# 90 Gallon Freshwater Planted... Nano Fish??



## 87Asylums (Jan 20, 2015)

Hi everyone, 

Looking for stocking suggestions for the 90 gallon I currently have dry started. There are a ton of different species I'd love to include in this set up but unfortunately my LFS can be very limited when it comes to nano species so if anyone has ideas on something they know I can get that I haven't mentioned please let me know. 
Ideal situation is to keep all species under 3 inch as an absolute max... would like to stay under 2-2.5 ideally though.

Stocking ideas thus far: 

For sure...
20 Malaysian trumpet snails 
16-20 cory cats 2-3 different species(peppered, would like to find pygmy... my lfs is hit or miss)
Shrimp also... 10 cherries, 10 amano.

This is where I'm not 100% sure on what I'd like to do now based on stock I have access to (don't mind making a bit of a drive if necsssary) 

8 Threadfin Rainbows
8 Forktail Rainbows 
10 Rummynose Tetras
10 Pearl Danio/ Turquoise Danios
12 Ember Tetras or Norman's Lampeye
12 Celestial Pearl Danios

LOL this would be an absolute max for fish going in and I would stock slowly trying to reach these numbers... if I feel like I need to cut a school for the sake of the tank I will likely cut the ember Tetras and round out other schools. 

OR should I go a different route and stock maybe a dozen honey gourami and adjust the schoolers accordingly? I've never kept gourami myself but am led to understand they do not appreciate such active swimmers as Danios. 



LASTLY:

Does anyone know of anywhere to find...

Neon Green Rasbora
Scarlet Badis (Dario dario)

Thanks to anyone who made it all the way through that haha 

Cheers, Alex.


----------



## Nebthet78 (Aug 21, 2017)

Hi Alex and Welcome to the forums. 

I'm actually in the process of doing something very similar to you, only my tank is a 54g and is heavily planted. It's only into it's first week of cycling right now. 

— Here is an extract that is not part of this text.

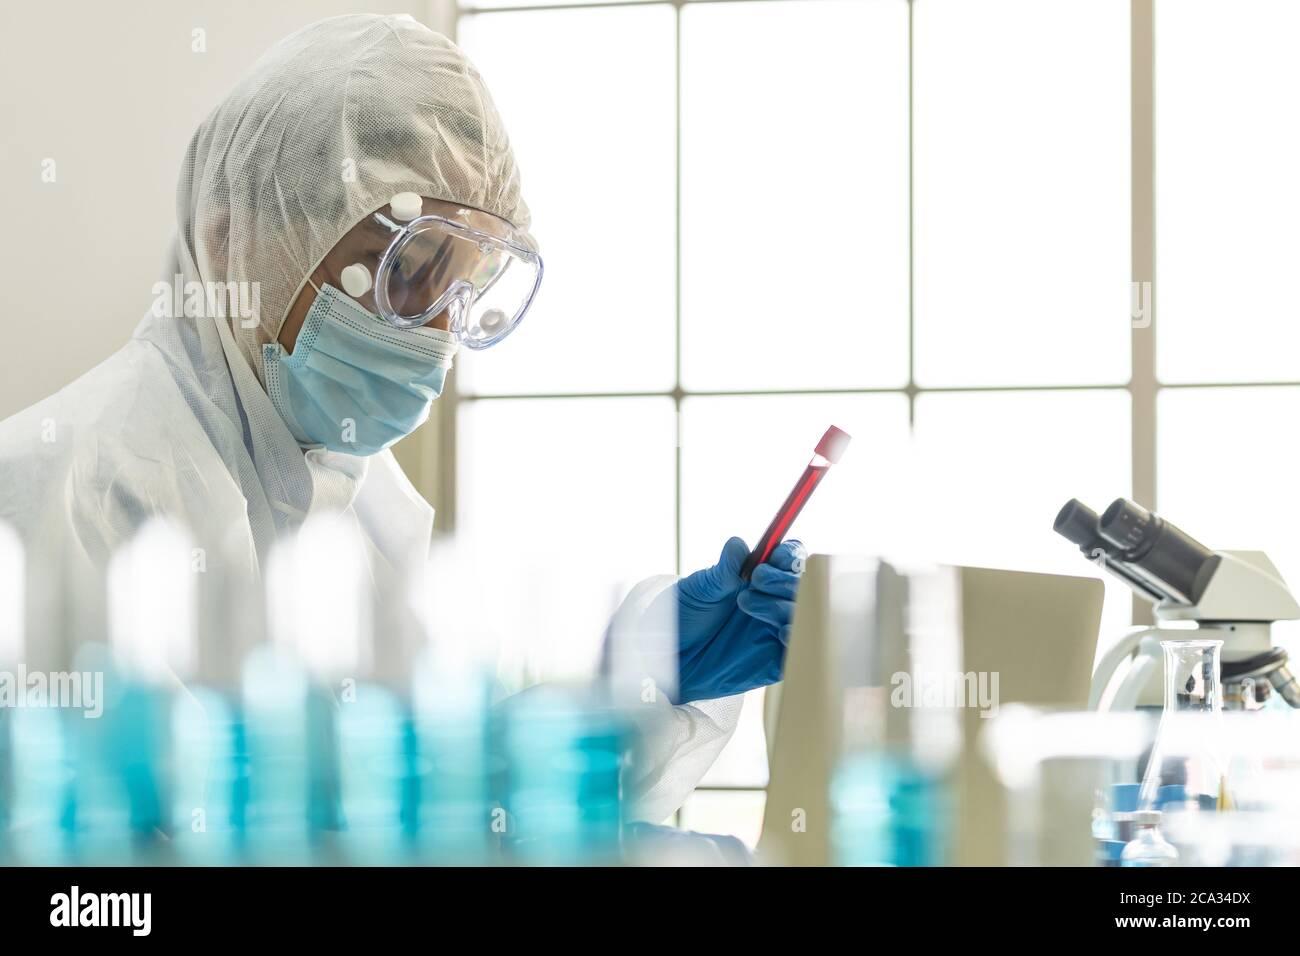 Los científicos sostienen un tubo de análisis de muestras de sangre y examinan su investigación y desarrollan una vacuna contra la pandemia de coronavirus covid-19. Tecnología de Ciencias Médicas Foto de stock

As for Nano fish, I would suggest to maybe take a day trip or two into the GTA unless you don't mind paying around $40 for one day shipping from an online site.

A lot of what you are looking for a place called ShrimpFever carries. He's located in Scarborough. His prices are a little more expensive than some of the bigger retailers like Big Al's, but I'm sure you could negotiate with them. They have sales from time to time too. One is currently going on for the month of March.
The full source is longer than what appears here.